R. Paul Evans is a racing driver who last raced in SVRA. Evans has recorded 0 wins and 0 podiums from 3 starts.[1]
A Racer Rating of 1,243 ranks Evans 11232th of 12,285 indexed drivers, on an Elo scale where the strongest reach the low five figures. It is built from every indexed race in the driver's file, decayed for time since their last race.

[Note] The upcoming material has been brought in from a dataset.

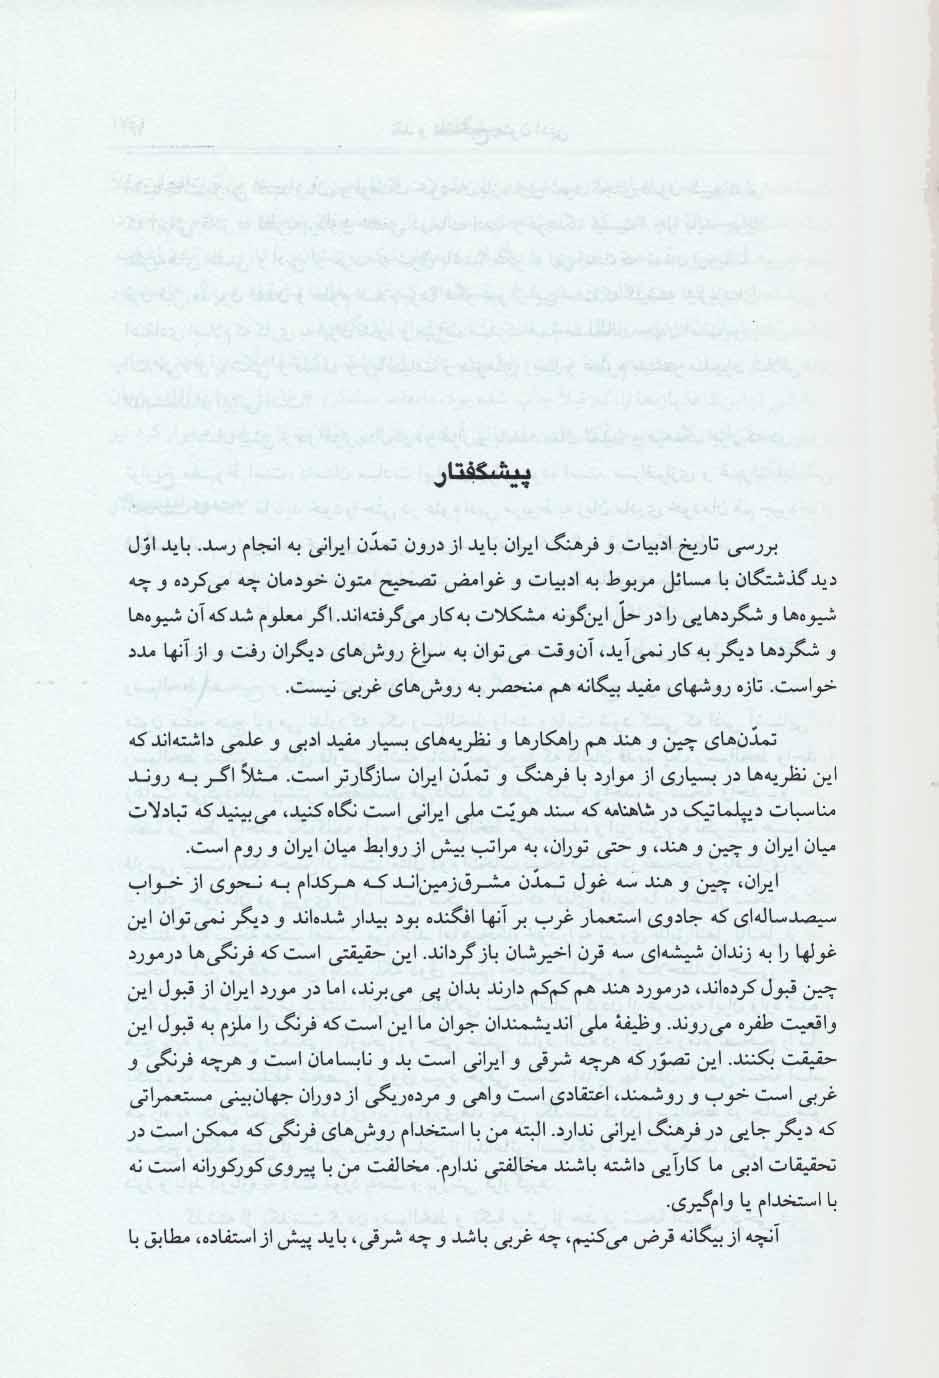 سی و دو مقاله در نقد و تصحیح متون ادبی

| Season | Series | Team | Races | Wins | Podiums | DNFs | Poles | Points | Pos | Gain/Loss | Rating |
|---|
| 2024 | SCCA Runoffs | 2 | 0 | 0 | 0 | 0 | 0 | P113 | −158 | 1,243 | |
| SVRA | 1 | 0 | 0 | 0 | 0 | 0 | P581 | +51 |
R. Paul Evans, known in NASCAR National Modified circles as Richard Ernest Evans, built a reputation over a long career in asphalt modified racing that culminated in nine National Modified Championships, including an unbroken run of eight consecutive titles from 1978 to 1985. That achievement was recognized by the International Motorsports Hall of Fame as one of the supreme accomplishments in motorsports, and Evans went on to win nearly every major race on the asphalt modified circuit, several of them multiple times, including three victories in the Race of Champions. His body of work earned him induction into the NASCAR Hall of Fame in 2011 as part of the Class of 2012, one of the first 15 inductees and the first to come from outside what is now the NASCAR Cup Series.[1]
Within the Racer DB record, Evans appears under SVRA competition with a status of retired, reflecting a later, limited chapter of his driving activity rather than his historic modified career. Across three recorded starts he did not register a win or a podium, and his Racer Rating sits at 1,243, placing him 11232nd among active drivers on a scale where the top competitors range from roughly 10,000 to 11,500. His most recent season on record, 2026, shows a single round entered with no wins or podiums and a standings position of 581st. Taken together, the database entry documents a modest, brief SVRA sample size that stands apart from the extensive championship legacy he built earlier in his career.[2]